Ta strona została przepisana.

— Bardzo to być może — odparł pleban i odszedłszy od nich, powrócił do Doroty, która słysząc westchnienia damy z zakrytą twarzą, zbliżyła się do niej, tknięta litością i rzekła:
— Jakież zło dręczy Was tak, pani? Może ono jest z natury tych, na których białogłowy zwykły się dobrze rozumieć i które leczyć umieją. Gotowa jestem z całego serca pomoc i usługę wam ofiarować.
Na to wszystko zasmucona dama nie odrzekła ani słowa; i choć Dorota usilnie na nią nalegała, nie mogła od niej żadnego wydobyć responsu, aż zjawił się kawaler z przysłonioną twarzą (którego, jak pachołek mówił, wszyscy słuchali) i rzekł:
— Nie trudźcie się, pani, daremnie, czyniąc zapewnienia grzeczności tej białogłowie, gdyż leży to w jej obyczaju, aby za dobra jej uczynione, niewdzięcznością odpłacać, nie nalegajcie także, by przemówiła, jeśli z jej ust fałszów i kłamstw usłyszeć nie chcecie.
— Nigdy mi kłamstwo przez usta nie przeszło — rzekła wówczas żwawo dama, do tych pór milcząca.

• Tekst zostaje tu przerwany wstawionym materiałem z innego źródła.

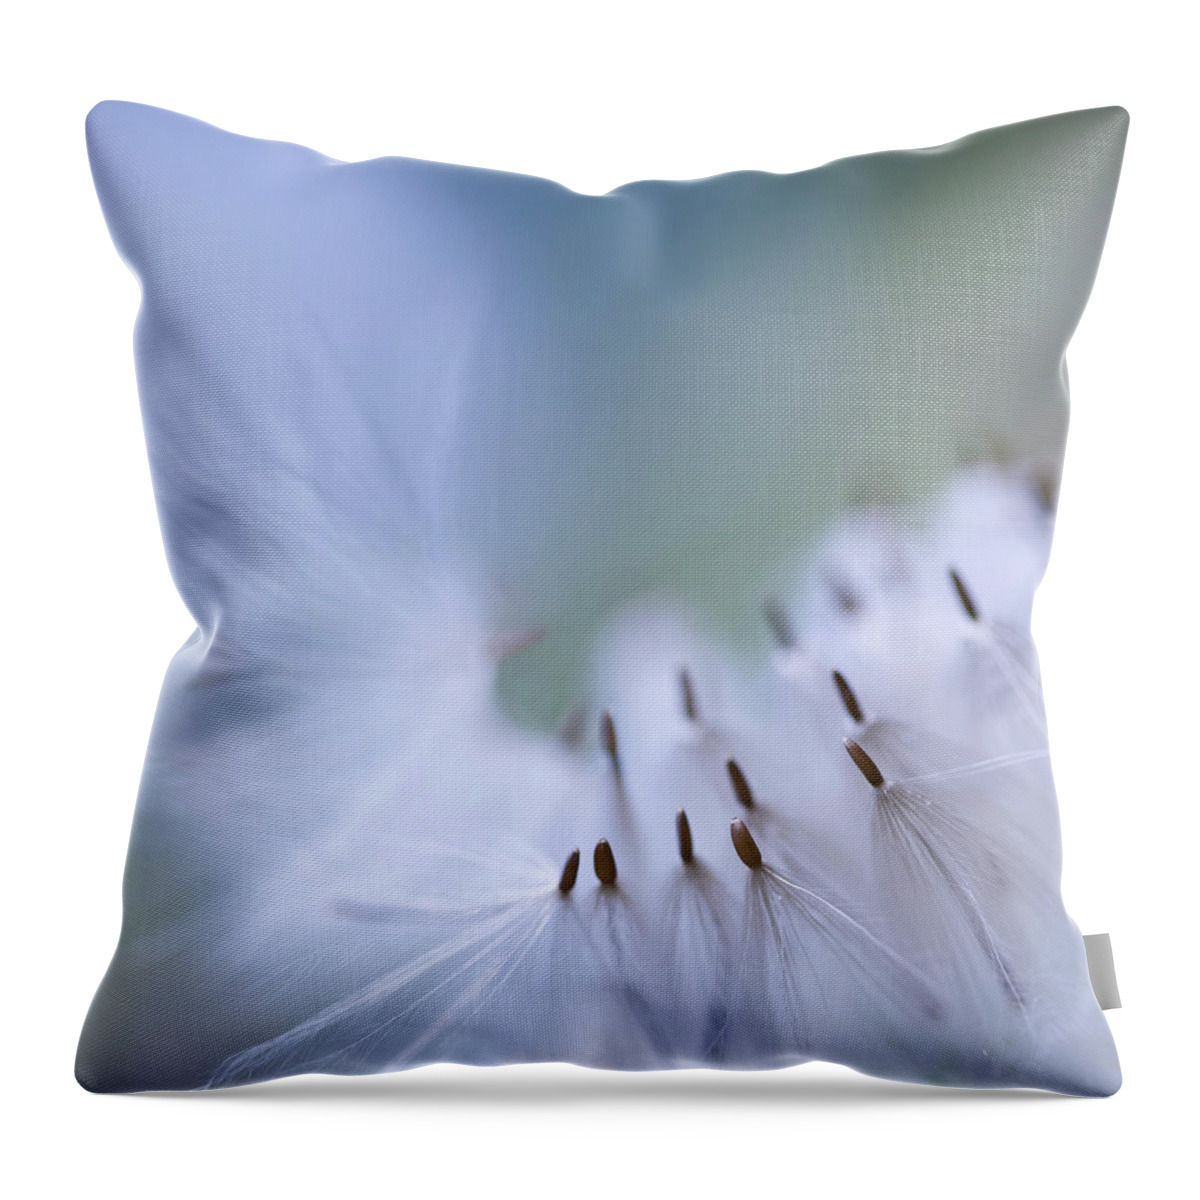 North Rhine Westphalia Throw Pillow featuring the photograph An Angel Passing By by Maria Rafaela Schulze-vorberg

Dlatego właśnie, żem nadto szczera i że fałsze w wielkiej mam nienawiści, w tym opłakanym stanie teraz się znajduję. Chcę, abyście sami temu świadectwo dali, gdyż szczera prawda, z ust moich wychodząca, was mataczem i kłamcą czyni.
Kardenio słyszał wyraźnie każde słowo tej rozmowy, gdyż od mówiącej damy oddzielały go tylko drzwi komnaty Don Kichota. Zaledwie te słowa usłyszał, gdy donośnym głosem zawołał.
— Święty Boże! Co ja słyszę? Jakiż to głos do uszu moich dochodzi?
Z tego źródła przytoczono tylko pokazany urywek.